Screen printing is arguably the most versatile of all printing processes. It can be used to print on a wide variety of substrates, including paper, paperboard, plastics, glass, metals, and fabrics.
Screen printing is arguably the most versatile of all printing processes. It can be used to print on a wide variety of substrates, including paper, paperboard, plastics, glass, metals, and fabrics. Some common products from the screen printing industry include posters, labels, decals, signage, electronic circuit boards, and all manner of textiles. The advantage of screen printing over other print processes is that the press can print on substrates of any shape, thickness and size.
A significant characteristic of screen printing is that a greater thickness of the ink can be applied to the substrate than is possible with other printing techniques. This allows for some very interesting effects that are not possible using other printing methods. Due to the simplicity of the application process, a wider range of inks and dyes are available for use in screen printing than for use in any other printing process.
Utilization of screen printing presses has begun to increase because production rates have improved. This has been a result of the development of the automated and rotary screen printing press, improved dryers, and U.V. curable ink. The major chemicals used include screen emulsions, inks, solvents, surfactants, caustics and oxidizers used in screen reclamation. The inks used vary dramatically in their formulations.
Screen printing consists of three elements: the screen, which carries the image; the squeegee; and ink. The screen printing process uses a porous mesh screen stretched tightly over a frame made of wood or metal. Proper tension is essential to accurate color registration. The screen is made of porous fabric or stainless steel mesh. A stencil is produced on the screen either manually or photochemically. The stencil defines the image to be printed; in other printing technologies this would be referred to as the image plate.
Screen printing ink is applied to the substrate by placing the screen over the material. Ink with a paint-like consistency is placed onto the top of the screen. Ink is then forced through the fine mesh openings using a squeegee that is drawn across the screen; the applied pressure forces the ink through the open areas of the screen. Ink will pass through only in areas where no stencil is applied, thus forming an image on the printing substrate. The diameter of the threads and the thread count of the mesh will determine how much ink is deposited onto the substrates.
Many factors such as composition, size, form, angle, pressure, and speed of the blade (squeegee) determine the quality of the impression made by the squeegee. At one time, most blades were made from rubber; however, they were prone to wear and edge nicks that often distorted the image. While blades continue to be made from rubbers such as neoprene, most are now made from polyurethane, which can produce as many as 25,000 impressions without significant degradation of the image.
If the item was printed on a manual or automatic screen press, the printed product will be placed on a conveyor belt which carries the item into the drying oven or through the UV curing system. Rotary screen presses feed the material through the drying or curing system automatically. Air drying of certain inks, though rare in the industry, is still sometimes utilized.
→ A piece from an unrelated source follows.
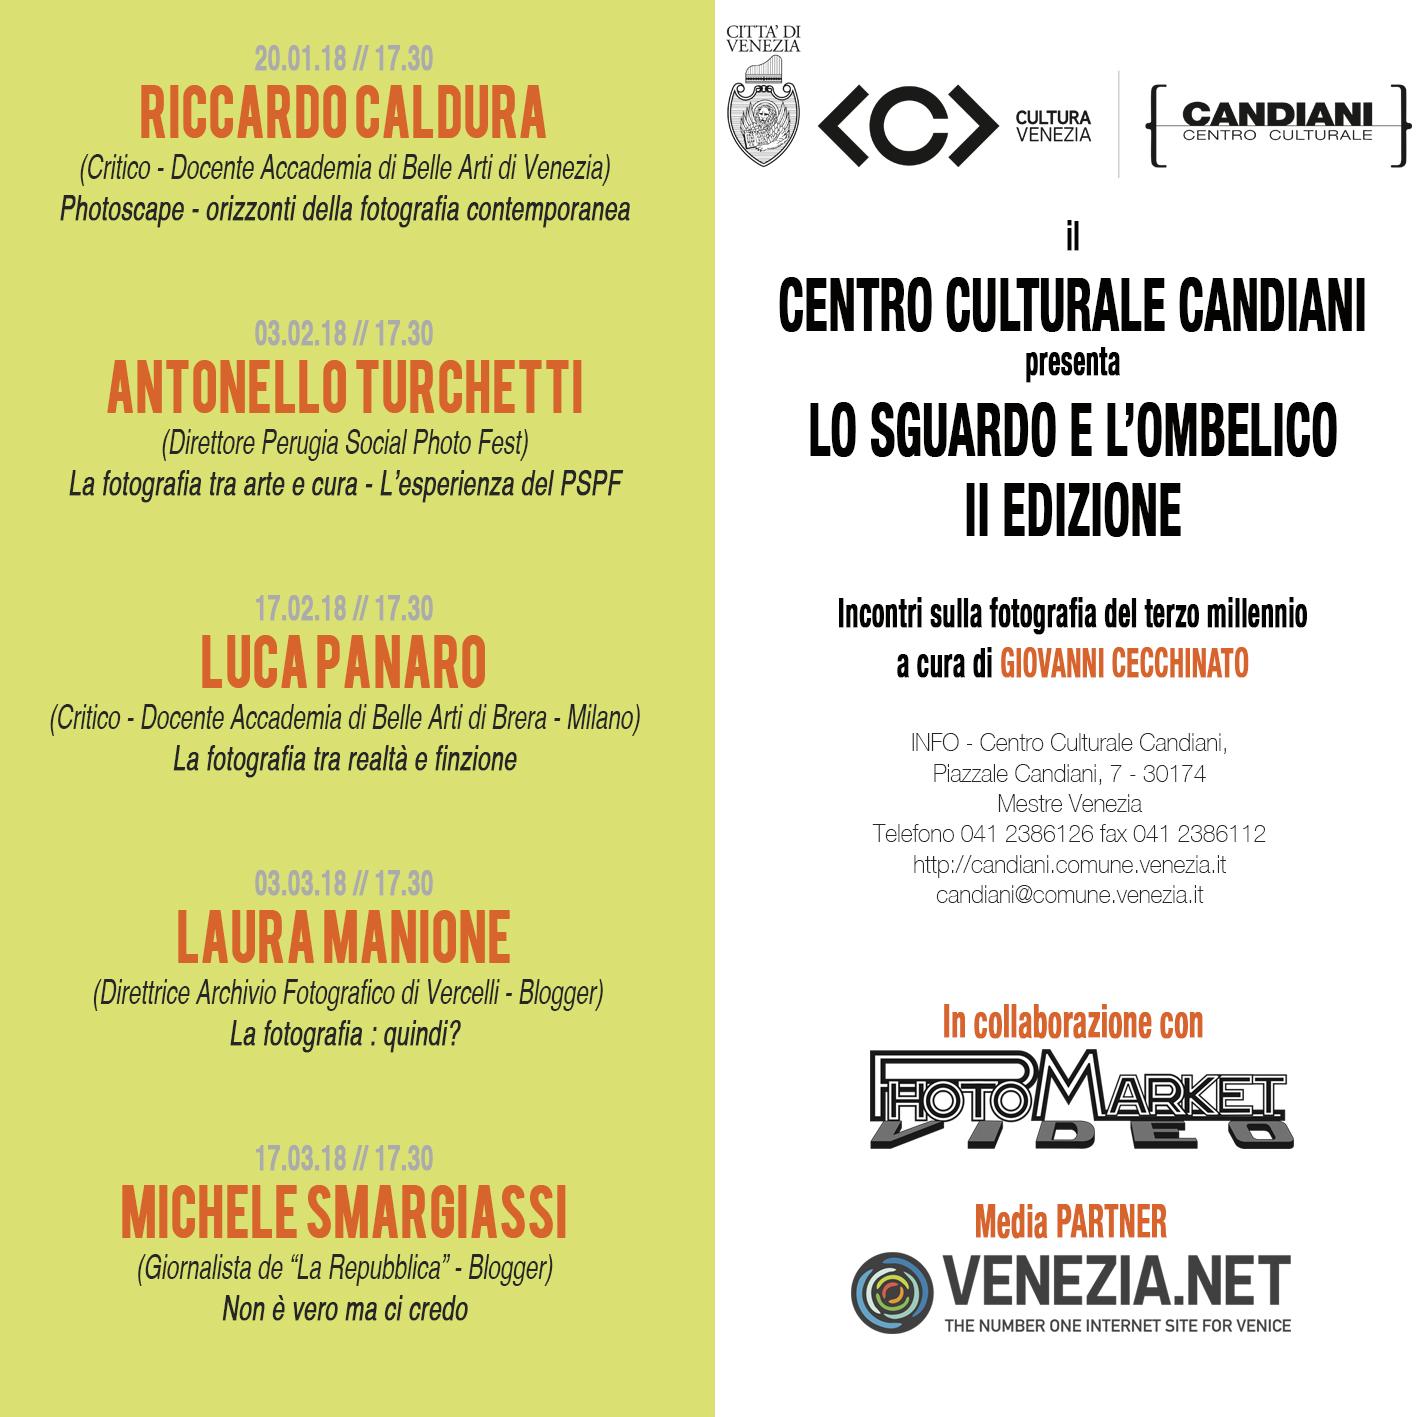 2018 - Lo Sguardo e l'Ombelico - Seconda Edizione

The rate of screen printing production was once dictated by the drying rate of the screen print inks. Due to improvements and innovations the production rate has greatly increased. Some specific innovations which affected the production rate and increased screen press popularity include the development of automatic presses versus hand operated presses, improved drying systems, and the development and improvement of U.V. curable ink technologies. More recently, the development of the rotary screen press has been significant, as it allows continuous operation of the press.
Screen (or image transfer) preparation includes a number of steps. First, the customer provides the screen printer with objects, photographs, text, or concepts of what they wish to have printed. The printer must then transfer the image to film using either a camera or image-setter. The image on film is called a film positive, which can then be processed and eventually used to prepare the screen stencil.
Once the artwork is transferred to a positive image, it will be chemically processed onto the screen fabric (by applying the emulsion or stencil) and eventually mounted onto a screen frame. The frame is then attached to the printing press and production begins.
There are three types of screen printing presses: flat-bed, cylinder, and rotary. Flat-bed is the most commonly utilized.
Until somewhat recently, all screen printing presses were manually operated. Now, however, most commercial and industrial screen printing is done on single and multicolor automated presses.
Ruined screens and failure to reclaim screens cost on average $5,000-$10,000 per year. The average monthly fabric cost is $360. One study showed that chemical reclamation costs between $2 and $10 per average screen, while screen disposal cost just shy of $50.
The process of reclaiming screens generates solvent waste and waste water. Solvent waste generated from screen cleaning and waste water is generated through the process of emulsion removal. The waste water will contain particulates comprised of ink pigment, emulsion and emulsion remover (periodate).
Screen printing inks are moderately viscous inks. They exhibit different properties as compared to other printing inks such as offset, gravure and flexographic inks, though they have similar basic compositions (pigments, solvent carrier, toners, and emulsifiers). There are five different types of screen ink: solvent, water, solvent plastisol, water plastisol, and UV curable.